Greg Heiar

Current position
- Title: Head coach
- Team: Trinity Valley Community College

Biographical details
- Born: September 14, 1975 (age 49) Dubuque, Iowa, U.S.

Playing career
- 1996–1998: Kirkwood CC
- 1998–2000: Mount St. Clare

Coaching career (HC unless noted)
- 2000–2001: Mount St. Clare (assistant)
- 2001–2003: Loras College (assistant)
- 2003–2004: Chipola JC (assistant)
- 2004–2009: Chipola JC
- 2009–2011: Southern Miss (assistant)
- 2011–2017: Wichita State (assistant)
- 2017–2020: LSU (assistant)
- 2020–2021: ETSU (assistant)
- 2021–2022: NW Florida State
- 2022–2023: New Mexico State
- 2023–2024: Mineral Area College
- 2024–present: Trinity Valley Community College

Head coaching record
- Overall: 267–41 (.867)

Accomplishments and honors

Championships
- 5x Panhandle Conference Champions (2005–2009) 5x Panhandle Conference Coach of the Year NJCAA Division National Champion (2022, 2025)

= Greg Heiar =

American basketball coach (born 1975)

Greg Heiar (born August 14, 1975) is an American basketball coach who is the head coach of the Trinity Valley Community College men’s basketball team.

==Playing career==
Heiar played college basketball for two seasons at Kirkwood Community College under Chris Jans, whom he succeeded as head coach at New Mexico State 25 years later. Heiar completed his playing career at Mount St. Clare, where he was a two-year captain, all-conference selection and team MVP.

==Coaching career==
After graduation, Heiar assisted his alma mater for one season before joining the coaching staff at Loras College. He reunited with Jans at NJCAA institution Chipola College as an assistant coach for a season, before being elevated to the head coaching position. During the 2003-2004 season as an assistant coach, Heiar helped led Chipola College to a 32-5 overall record, including 11-1 in the Panhandle Conference. The team captured the college's first FCSAA/NJCAA Region VIII Championship for the first time in two decades, before finishing 6th in the NJCAA National Tournament in Hutchinson, Kansas. As a head coach at Chipola from 2004 to 2009, Heiar compiled a 164–15 record. During his time at Chipola, Heiar was named Panhandle Conference Coach of the Year five times (2005, 2006, 2007, 2008, 2009), NJCAA Region 8 Coach of the Year 4 times (2005, 2007, 2008, 2009) and led his time to NJCAA Final Four Appearances in 2005, 2007, and 2009; including runner-up finish in the NJCAA national championship game in 2007 to Grant McCasland's Midland College.

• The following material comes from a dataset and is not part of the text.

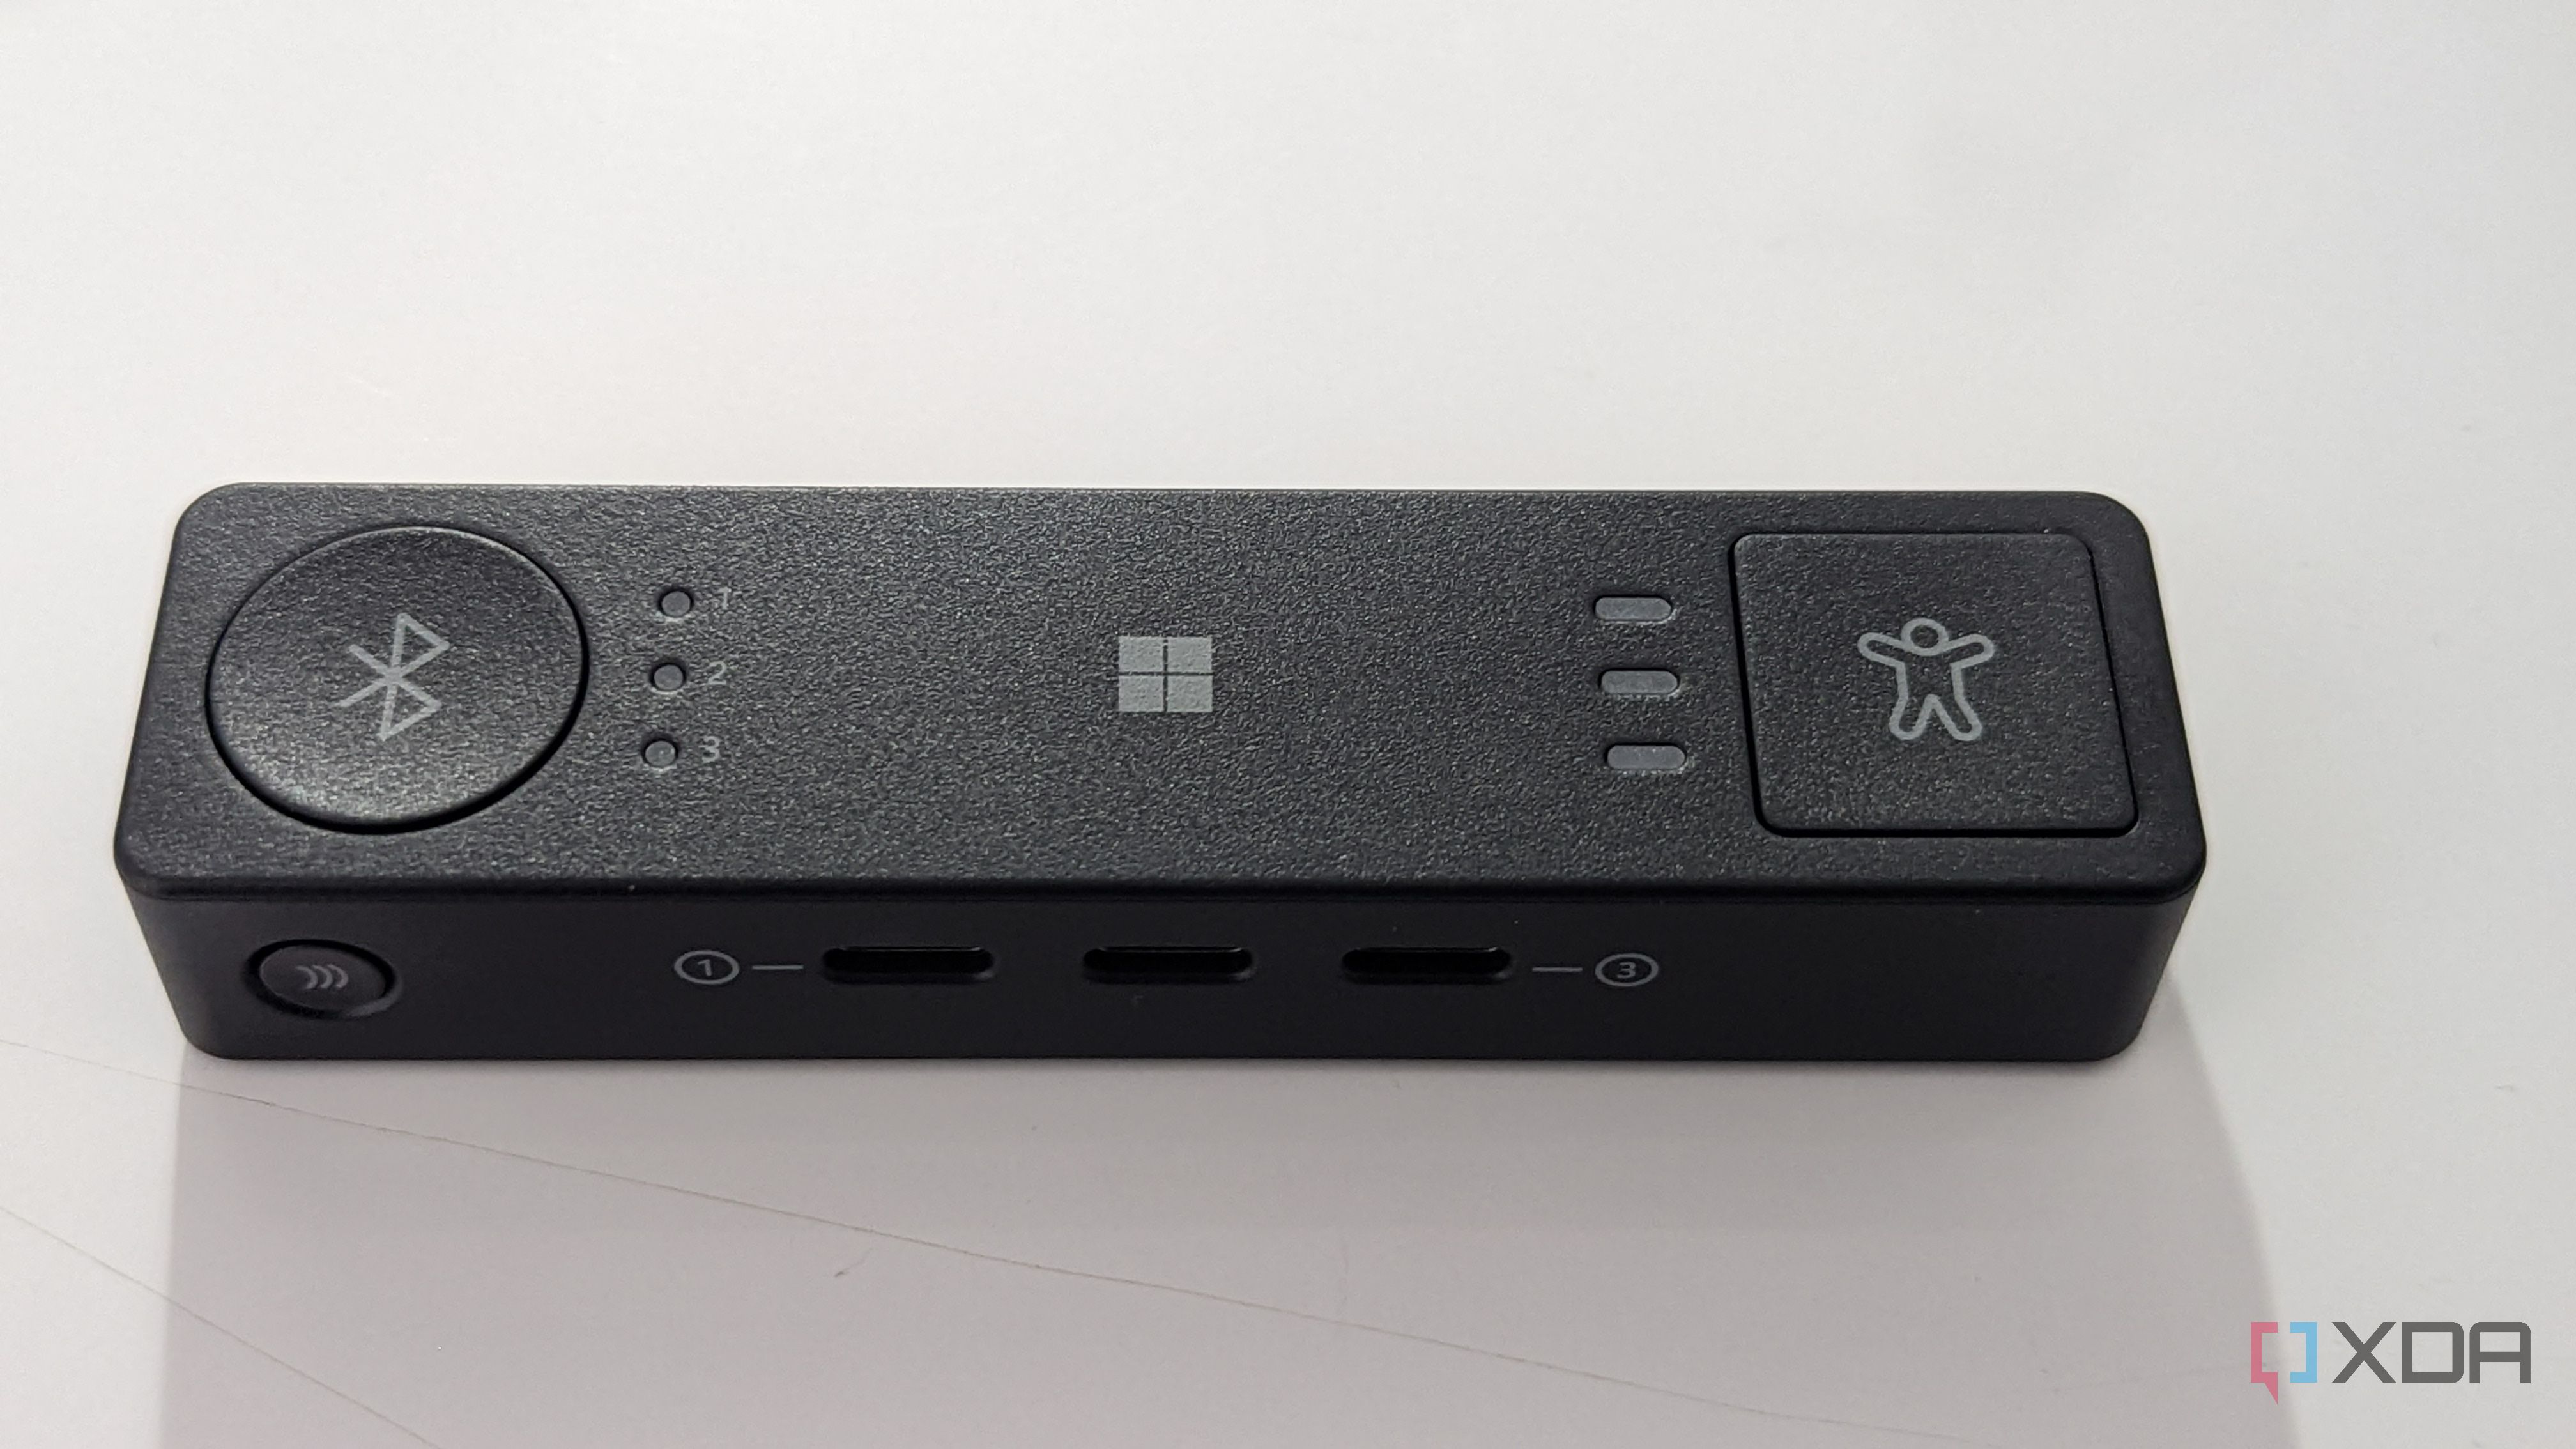 The front of the Microsoft Adaptive Hub showing the buttons and ports.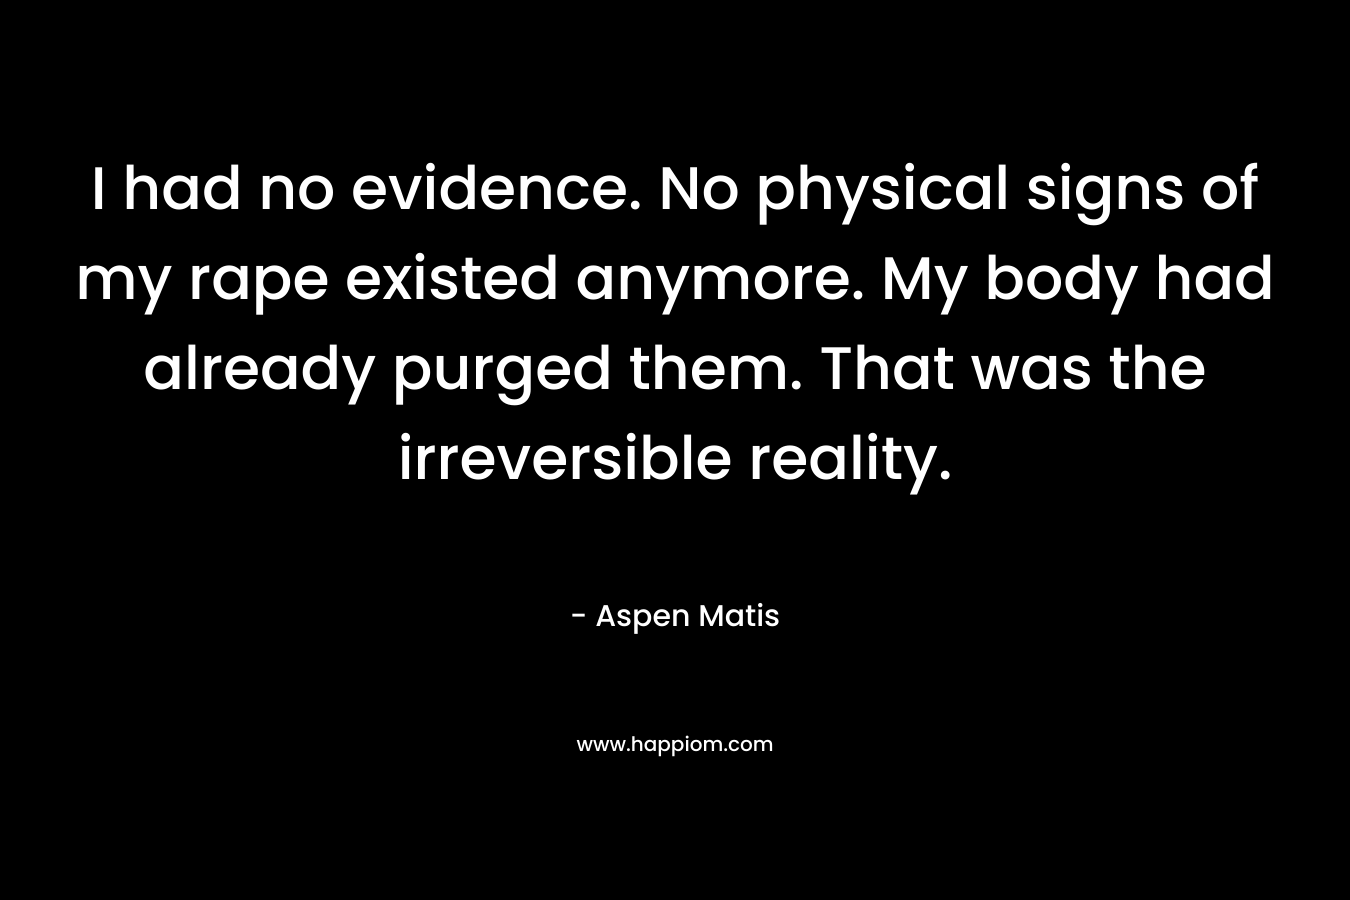 I had no evidence. No physical signs of my rape existed anymore. My body had already purged them. That was the irreversible reality.

Following a third-place finish in the 2009 NJCAA Tournament, Heiar joined Larry Eustachy's staff at Southern Miss. In 2011, he joined the coaching staff of Gregg Marshall at Wichita State. At WSU, he was a part of seven NCAA tournament squads, including the Shockers' 2013 Final Four appearance. After Wichita, Heiar served as an assistant coach to Will Wade at LSU from 2017 to 2020. Heiar departed from LSU and served a one-year assistant coaching stint at East Tennessee State under coach Jason Shay. In 2021, Heiar returned to the junior college ranks, taking over at Northwest Florida State College, where his team won the NJCAA Division national tournament with a 31–5 record.

On March 27, 2022, Heiar was named the 27th head coach in New Mexico State men's basketball history, succeeding Jans, who had accepted the head coaching position at Mississippi State.

On November 19, 2022, Coach Heiar and his coaching staff were involved in the police response when one of his athletes, Mike Peake, was attacked in a premeditated plan by four University of New Mexico (UNM) students, resulting in the death of one of the UNM freshman students. The featured rivalry basketball game was canceled and the team returned to Las Cruces.

On February 10, 2023, Heiar and his staff were placed on administrative leave and the men’s basketball program was suspended until further notice after New Mexico State University announced an internal investigation for unspecified violations. It was later revealed that one of Heiar's players claimed to have been hazed by his teammates. As a result of the investigation, the men’s basketball program was suspended for the remainder of the season. On February 14, 2023, Heiar was fired as head coach. Heiar subsequently sued New Mexico State for wrongful termination, which was settled in 2025 under undisclosed terms.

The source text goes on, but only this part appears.